In the preincubation test toxicity was observed with and without metabolic activation at concentrations of 1600 µg/plate and above in the Salmonella strains.

 

Mutagenicity

In both independent mutation tests Pyrazolsäure 3 TF was tested for mutagenicity with the same concentrations as described. The number of colonies per plate with each strain as well as mean values of 3 plates were given.

The test compound did not cause a significant increase in the number of revertant colonies at any dose level with any of the tester strains either in the absence or in the presence of S9-mix in either mutation test. No dose-dependent effect was obtained.

All positive controls produced significant increases in the number of revertant colonies. Thus, the sensitivity of the assay and the efficacy of the exogenous metabolic activation system were demonstrated.

Applicant's summary and conclusion

Conclusions:

Interpretation of results (migrated information):
negative

The results lead to the conclusion that Pyrazolsäure 3 TF is not mutagenic in these bacterial test systems either in the absence or in the presence of an exogenous metabolizing system.

Executive summary:

Pyrazolsäure 3 TF was tested for mutagenicity with the strains TA 100, TA 1535, TA 1537 and TA 98 of Salmonella typhimurium and with Escherichia coli WP2uvrA.

Two independent mutagenicity studies were conducted (one plate incorporation test and one preincubation test), each in the absence and in the presence of a metabolizing system derived from a rat liver homogenate.

For all studies, the compound was suspended in deionized water, and each bacterial strain was exposed to 5 dose levels, in the preincubation test to 6 (7 in the tester strain TA 1535) dose levels.

The test compound did not precipitate on the plates up to the highest investigated dose of 5000 µg/plate.

The concentrations for the plate incorporation test were 50, 160, 500, 1600 and 5000 µg/plate.

Because of toxicity in the plate incorporation test dose levels from 16 to 5000 µg/plate were chosen for the preincubation test and the concentration of 5 µg/plate was included in the treatment series with the tester strain TA 1535 without S9-mix.

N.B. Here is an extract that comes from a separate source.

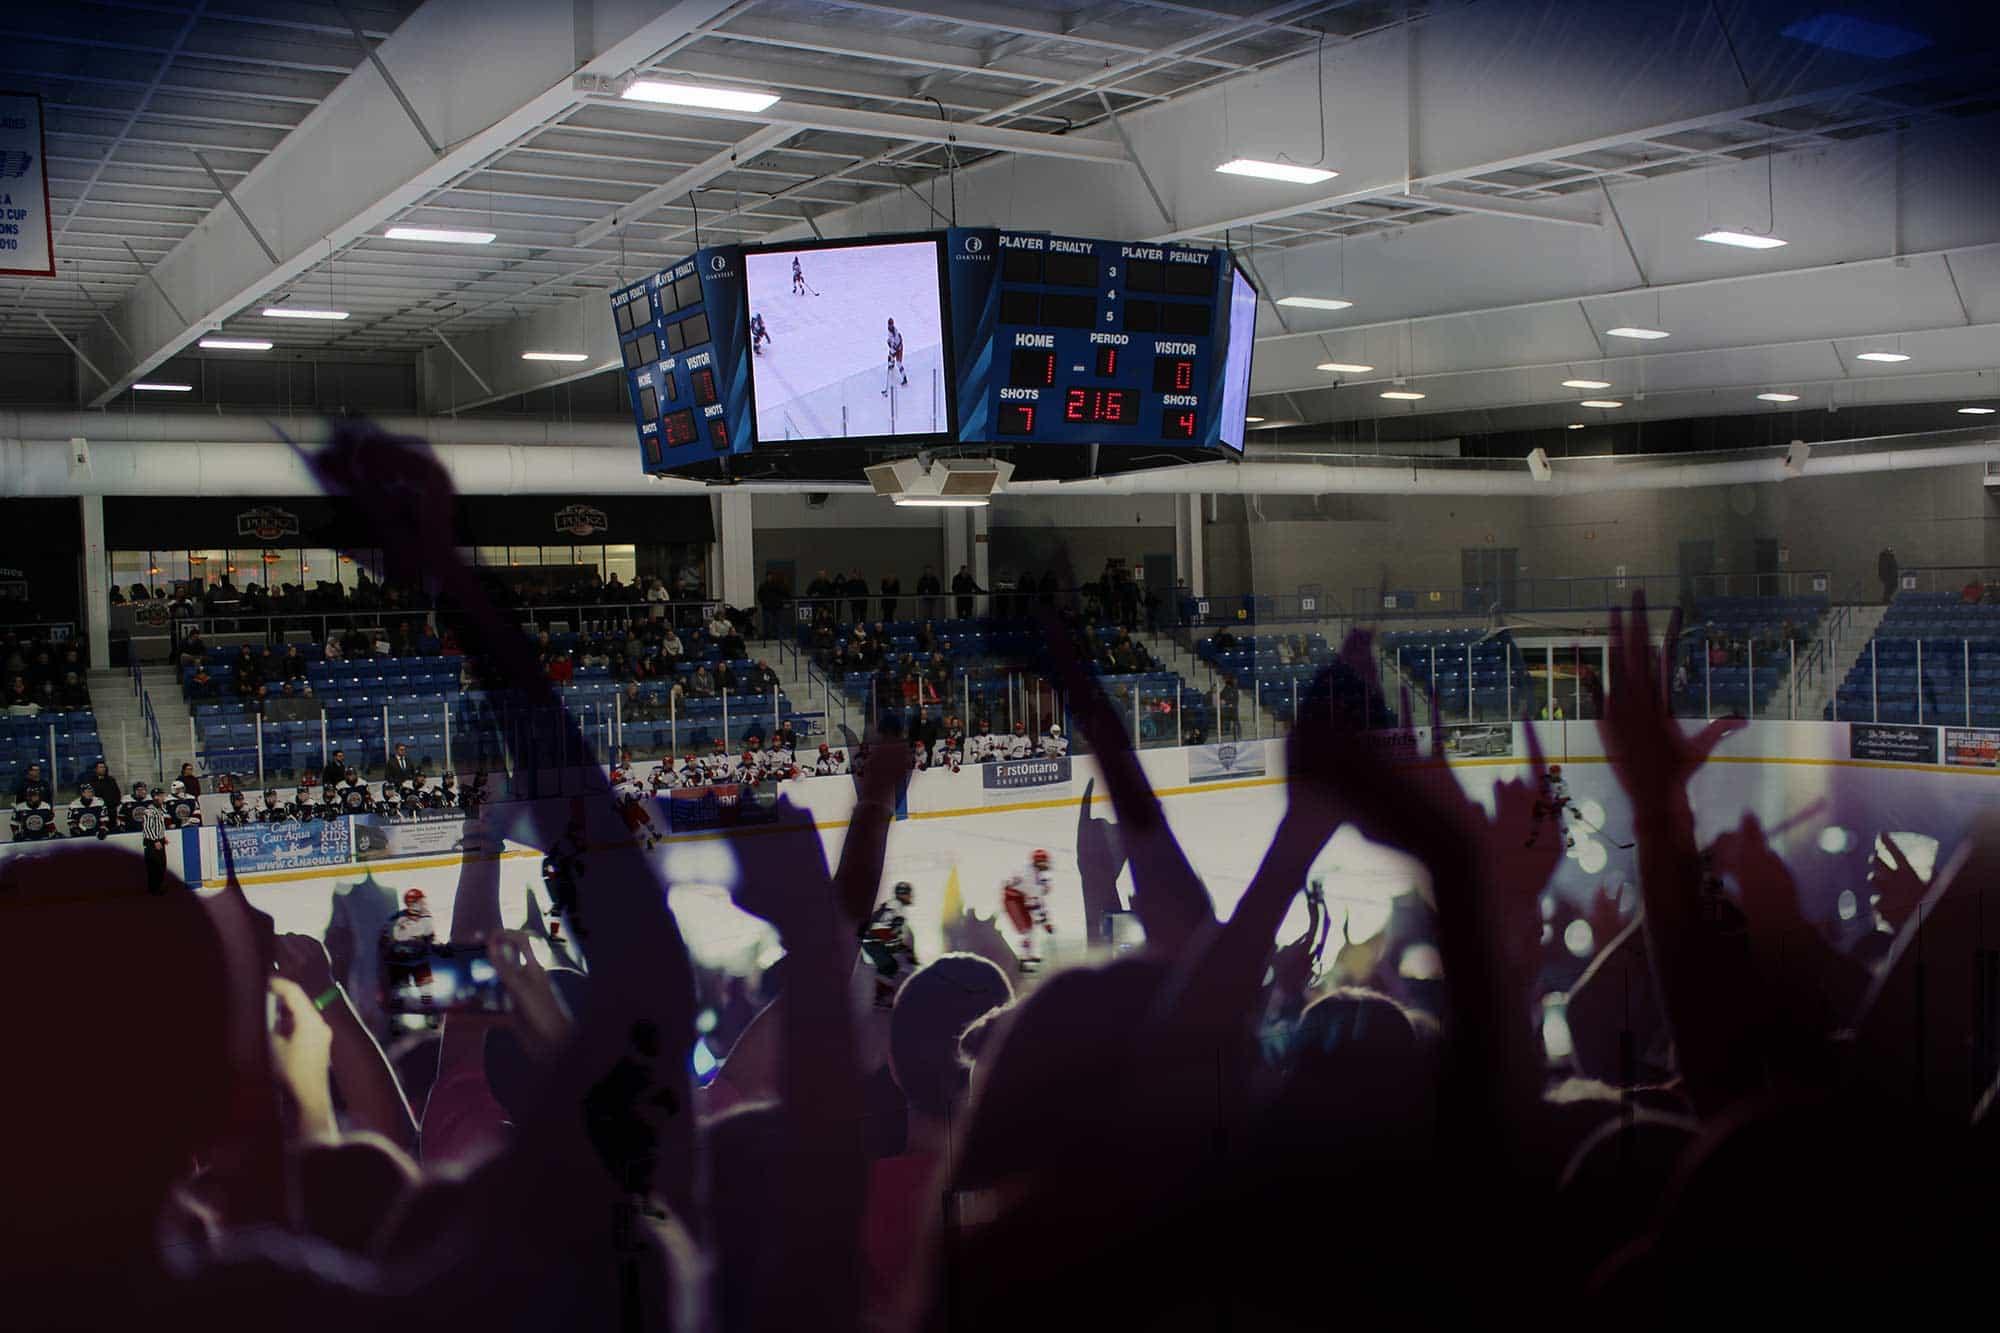 Scoreboard hockey game

Control plates without mutagen showed that the number of spontaneous revertant colonies was within the laboratory's historical control range. All the positive control compounds showed the expected increase in the number of revertant colonies.

Toxicity: In the plate incorporation test dose-related toxicity was observed at concentrations of 1600 µg/plate and above in the presence of metabolic activation with the tester strains TA 100, TA 1537 and TA 98 and at 5000 µg/plate with the strain TA 1535. In the absence of metabolic activation, toxicity was observed at concentrations of 1600 µg/plate and greater (TA 100, TA 1537 and WP 2uvrA), at 500 µg/plate and greater (TA 1535) and at 5000 µg/plate (TA 98).

In the preincubation test toxicity was observed with and without metabolic activation at concentrations of 1600 µg/plate and above in the Salmonella strains.

Mutagenicity: In the absence and in the presence of the metabolic activation system Pyrazolsäure 3 TF did not result in relevant increases in the number of revertants in any of the bacterial strains.

Summarizing, it can be stated that Pyrazolsäure 3 TF was not mutagenic in this bacterial mutation test at any dose level either in the absence or presence of an exogenous metabolic activation.